• [RECORDED DATA]:
____________________
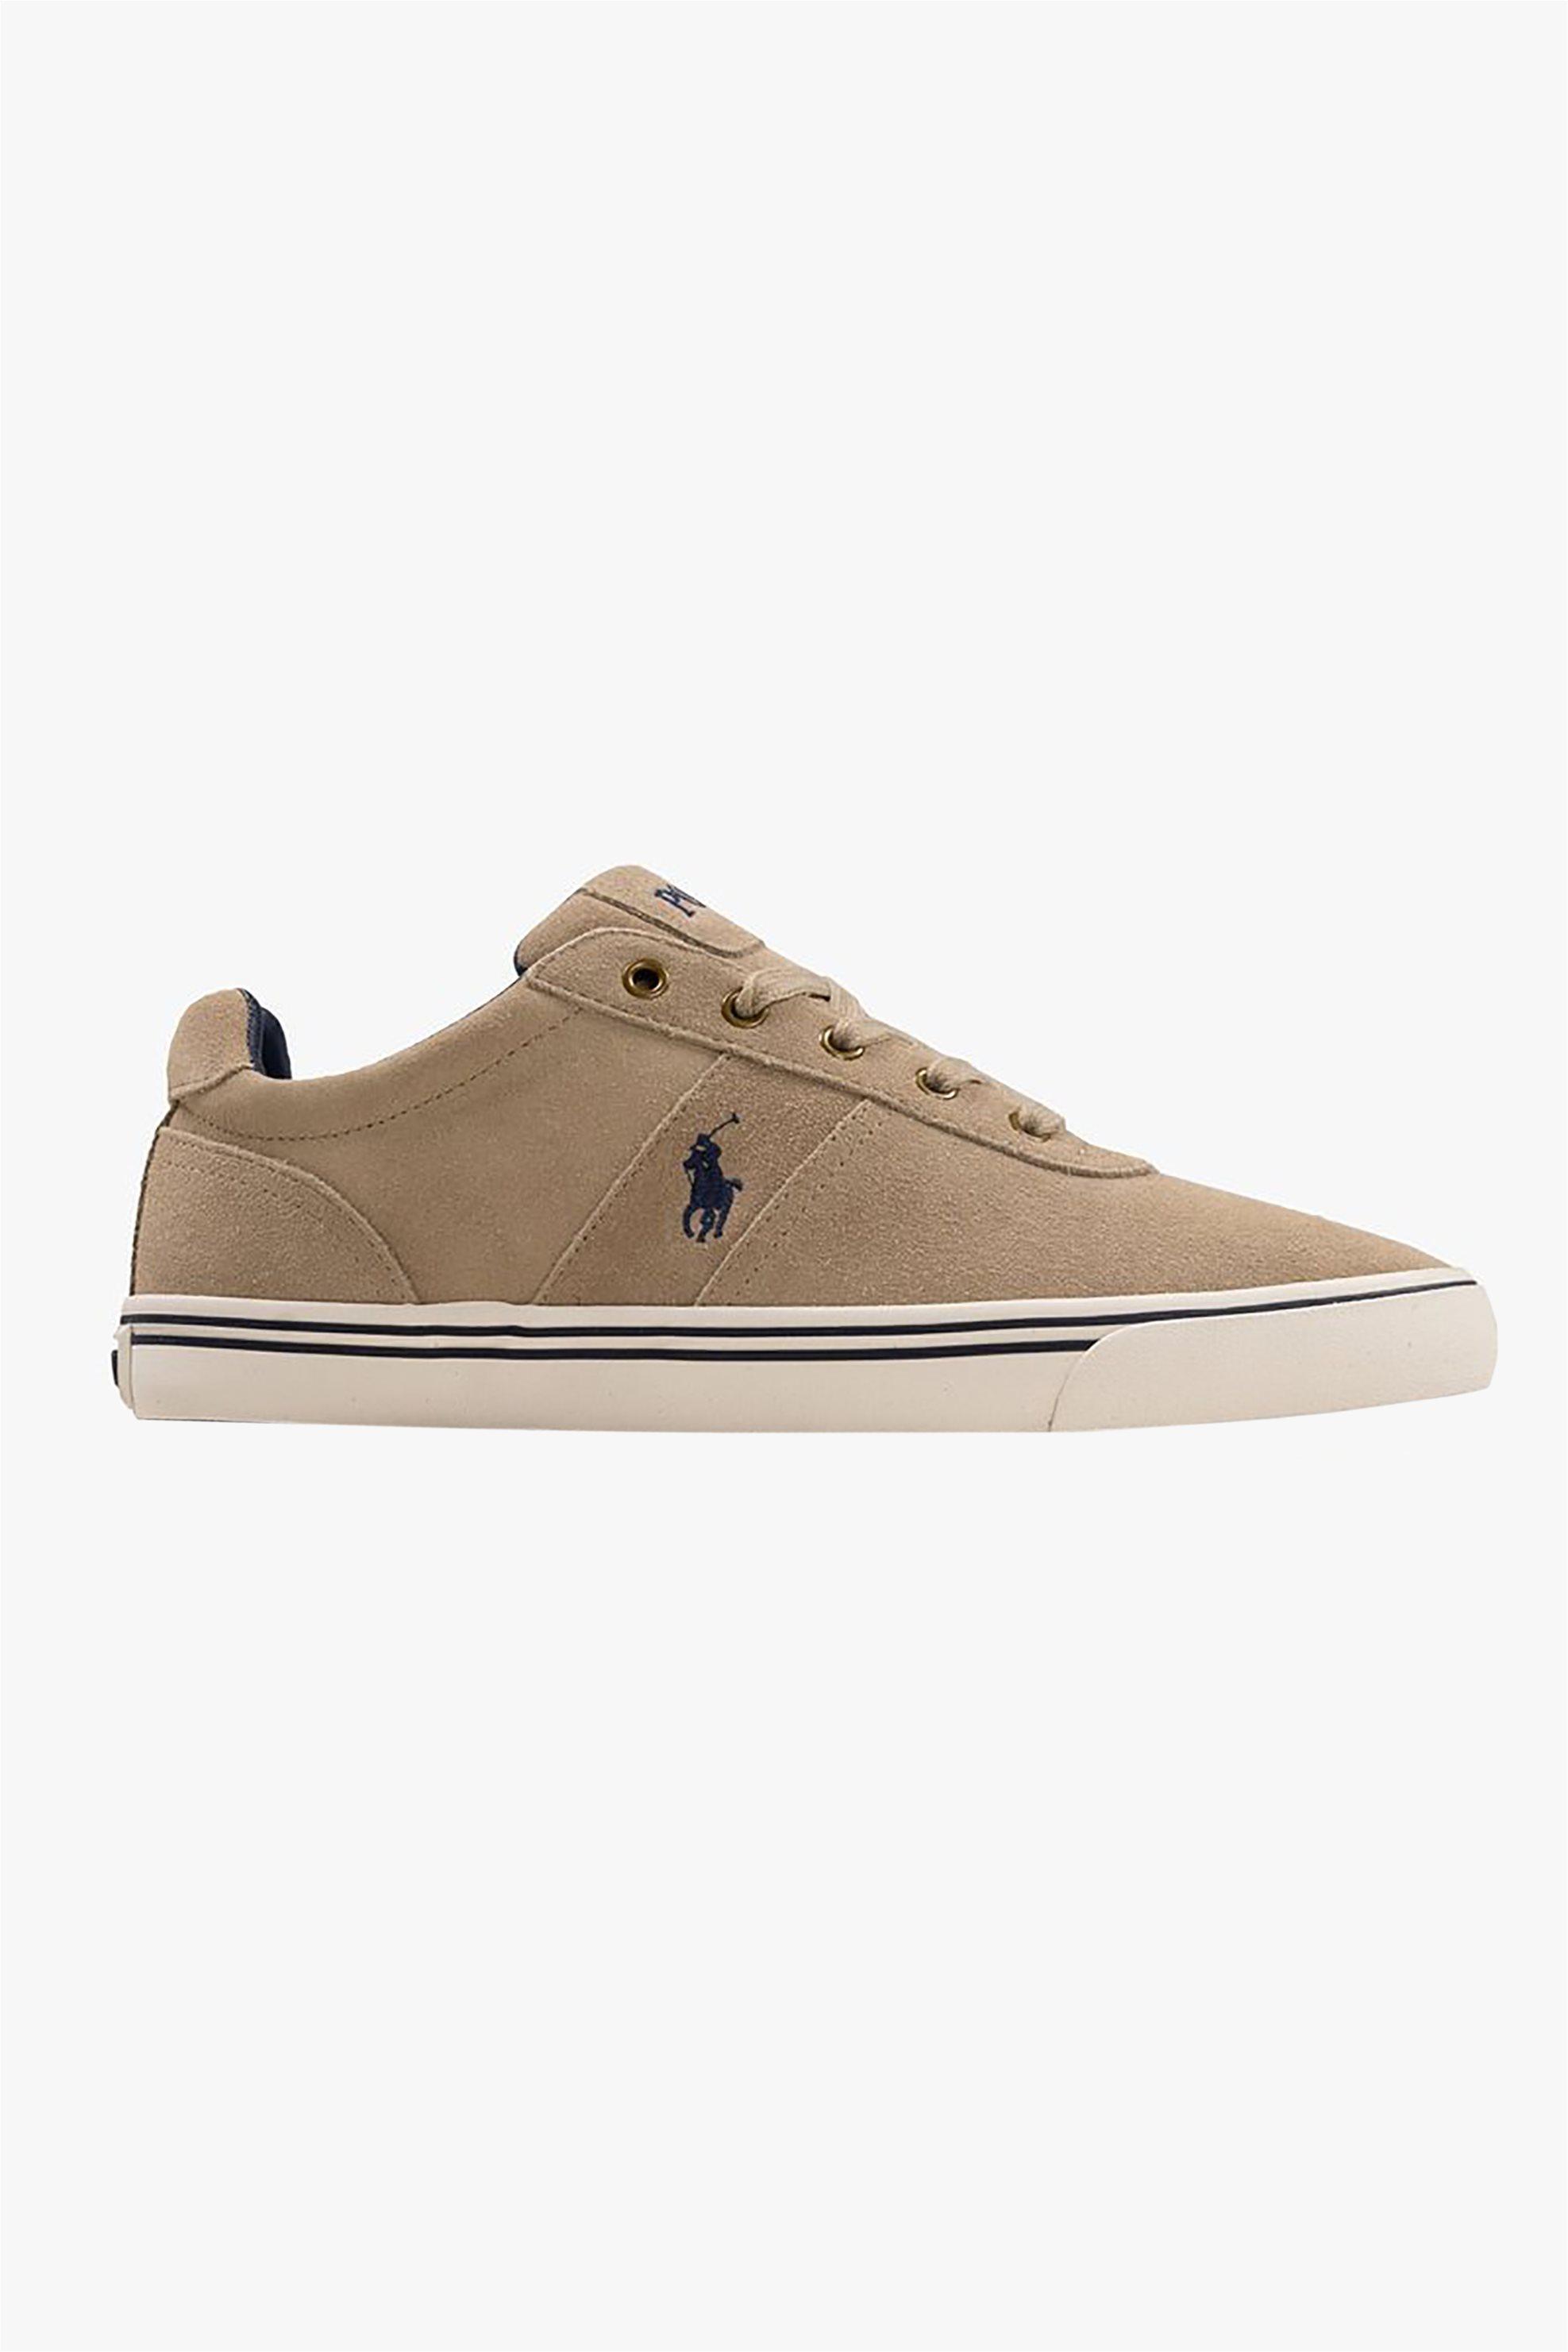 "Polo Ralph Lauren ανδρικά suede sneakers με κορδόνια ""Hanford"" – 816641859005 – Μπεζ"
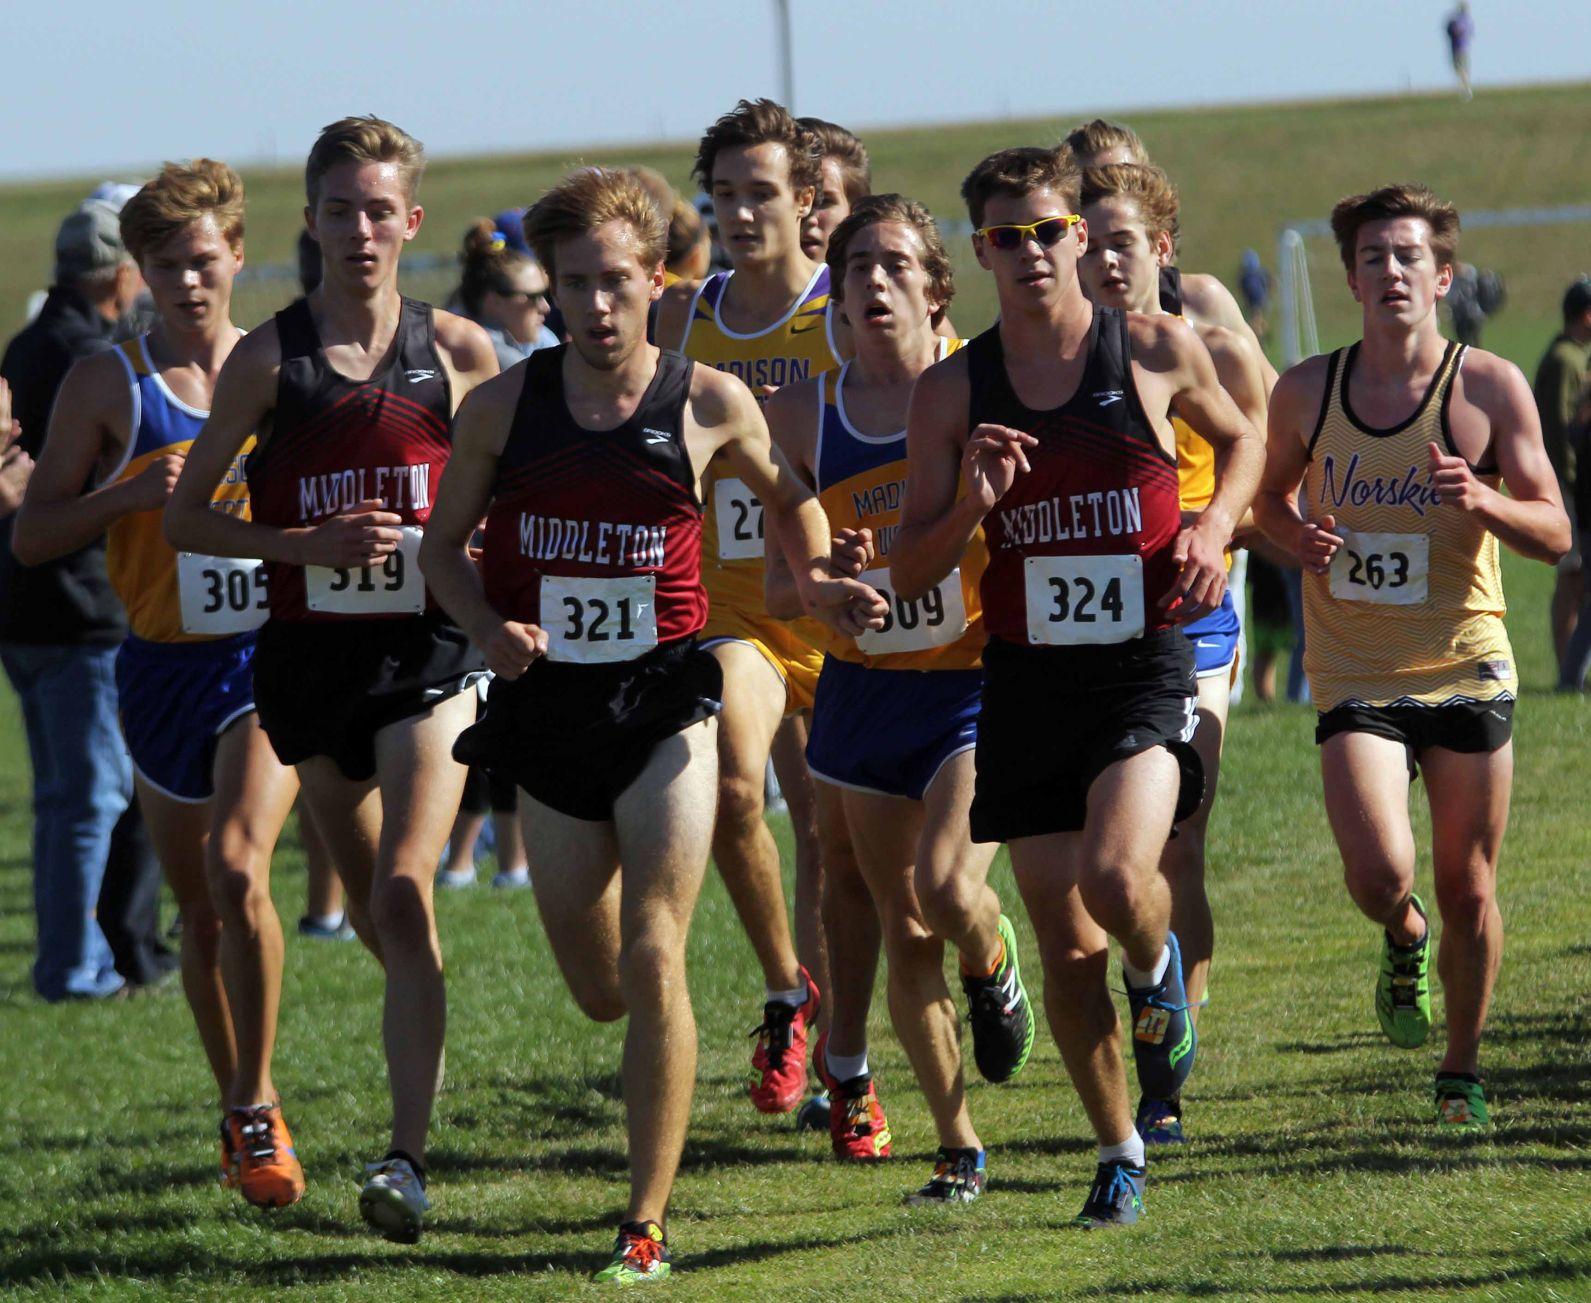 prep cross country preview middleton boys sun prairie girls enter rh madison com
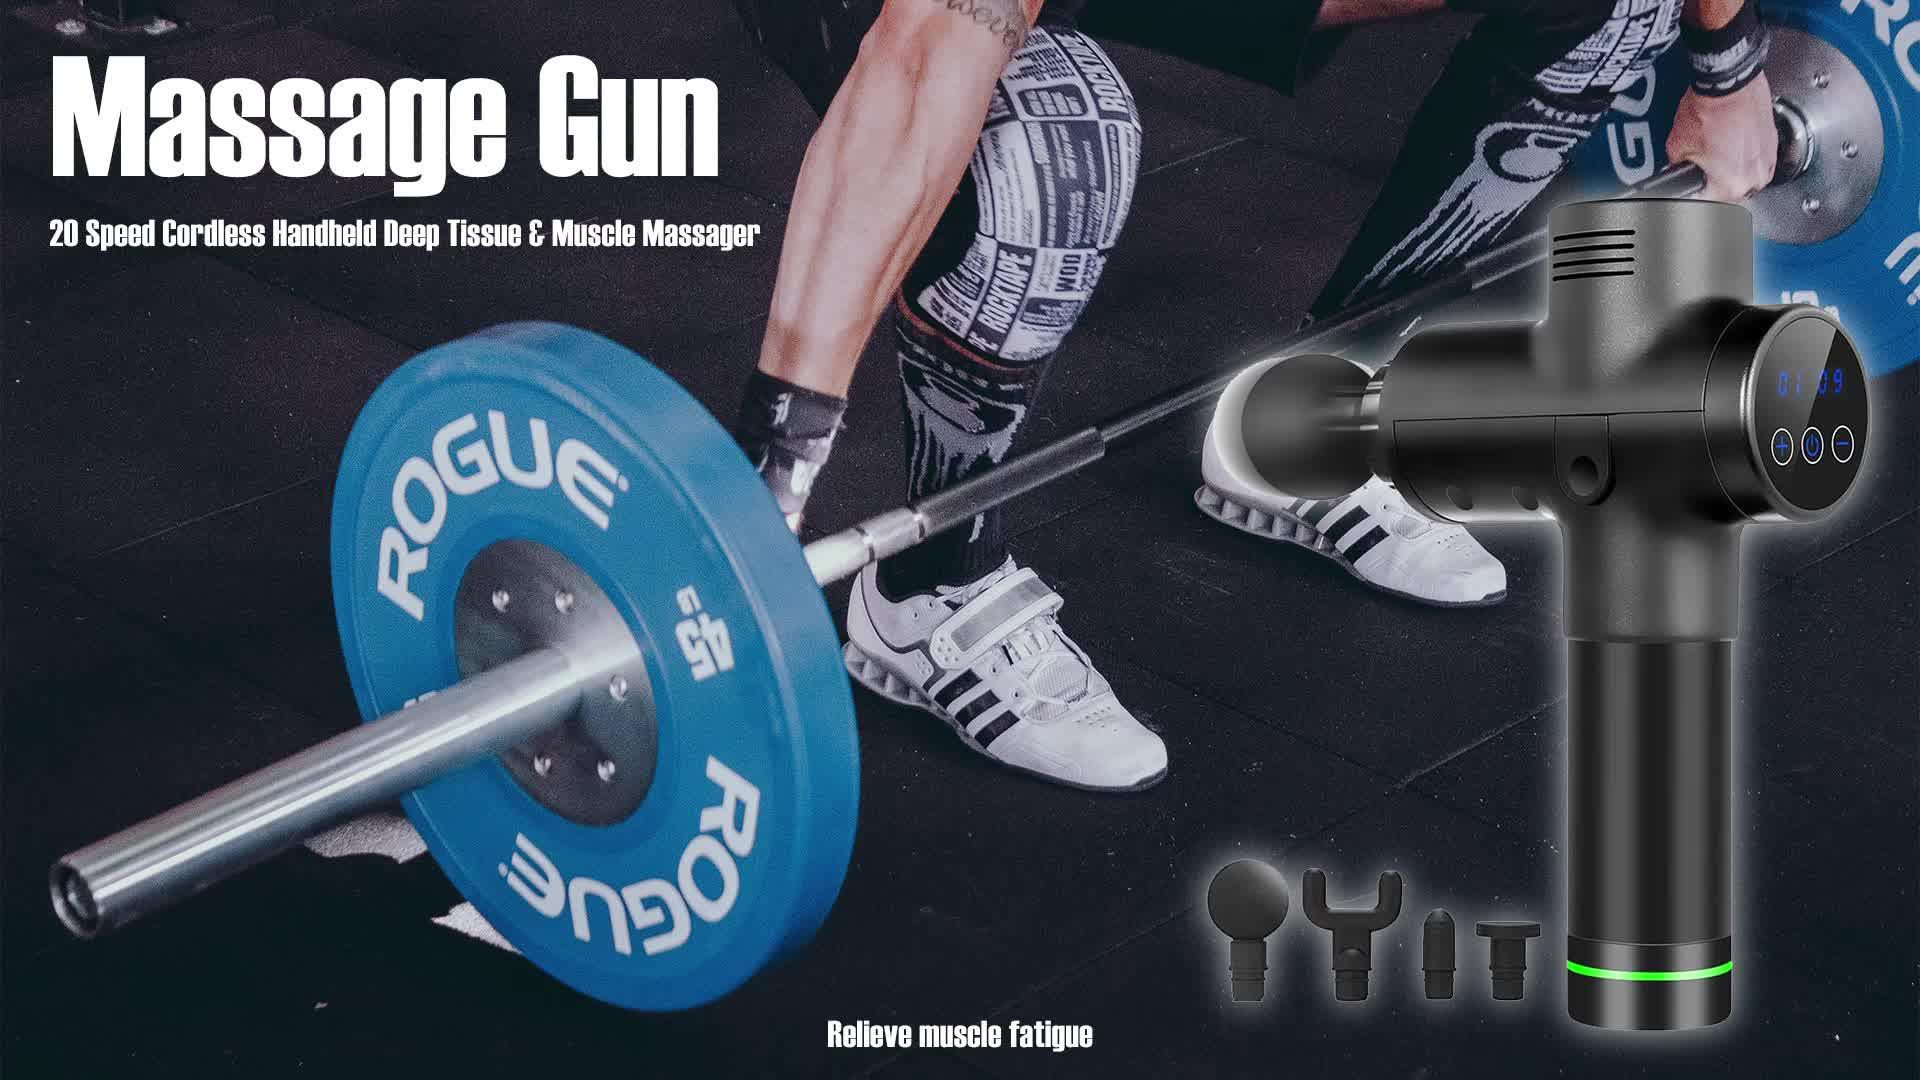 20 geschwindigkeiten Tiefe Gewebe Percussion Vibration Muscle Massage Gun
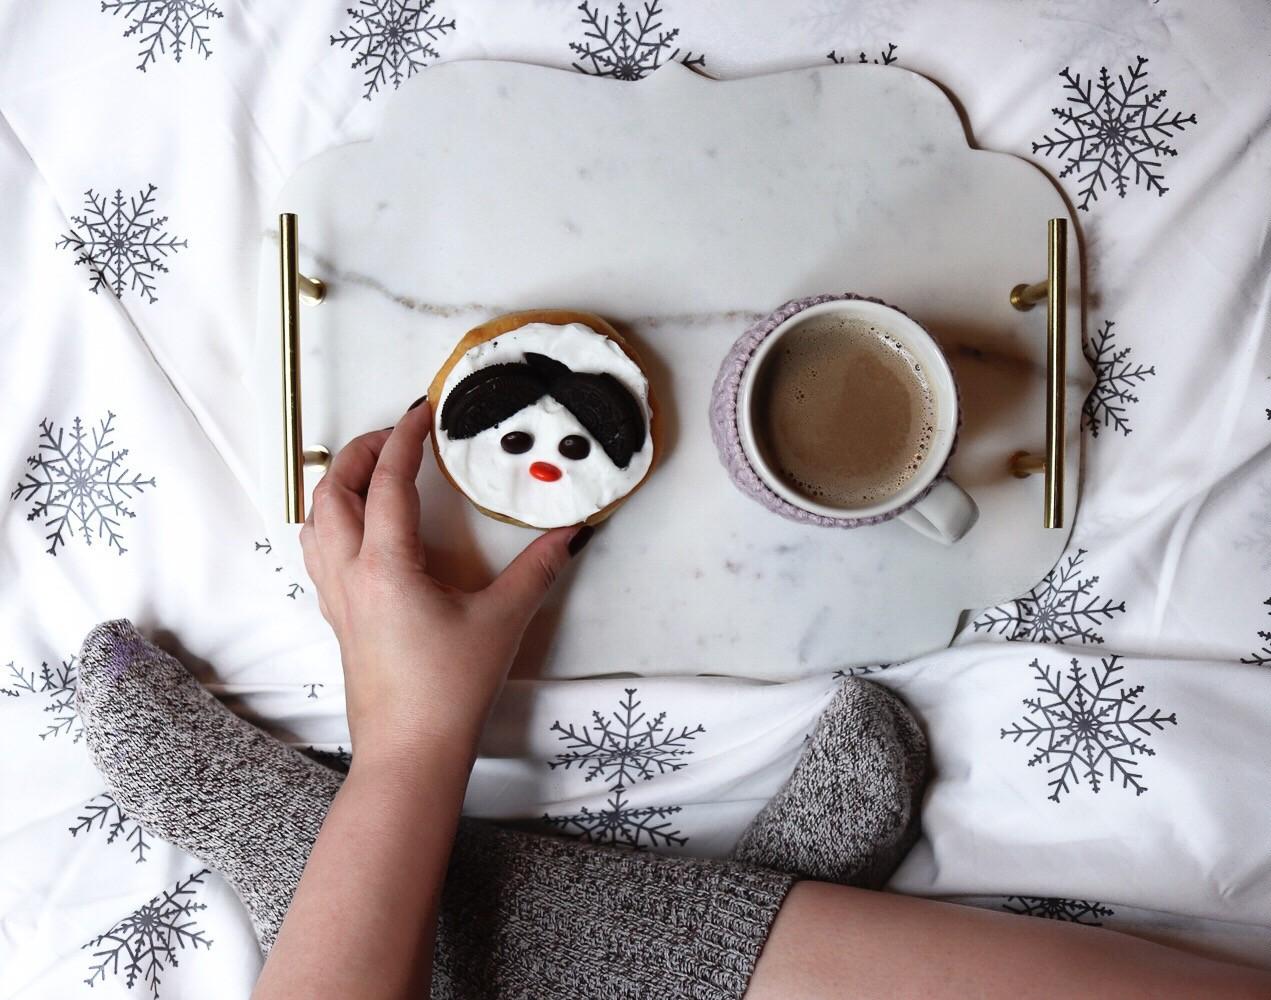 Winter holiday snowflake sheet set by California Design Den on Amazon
____________________
• [TASK TO CARRY OUT]:
Using the material above, restate word for word the lines from the line that has "20 geschwindigkeiten Tiefe" to the last line, inclusive, with pictures omitted.

• [OUTPUT OF THE EXERCISE]:
 20 geschwindigkeiten Tiefe Gewebe Percussion Vibration Muscle Massage Gun
 Winter holiday snowflake sheet set by California Design Den on Amazon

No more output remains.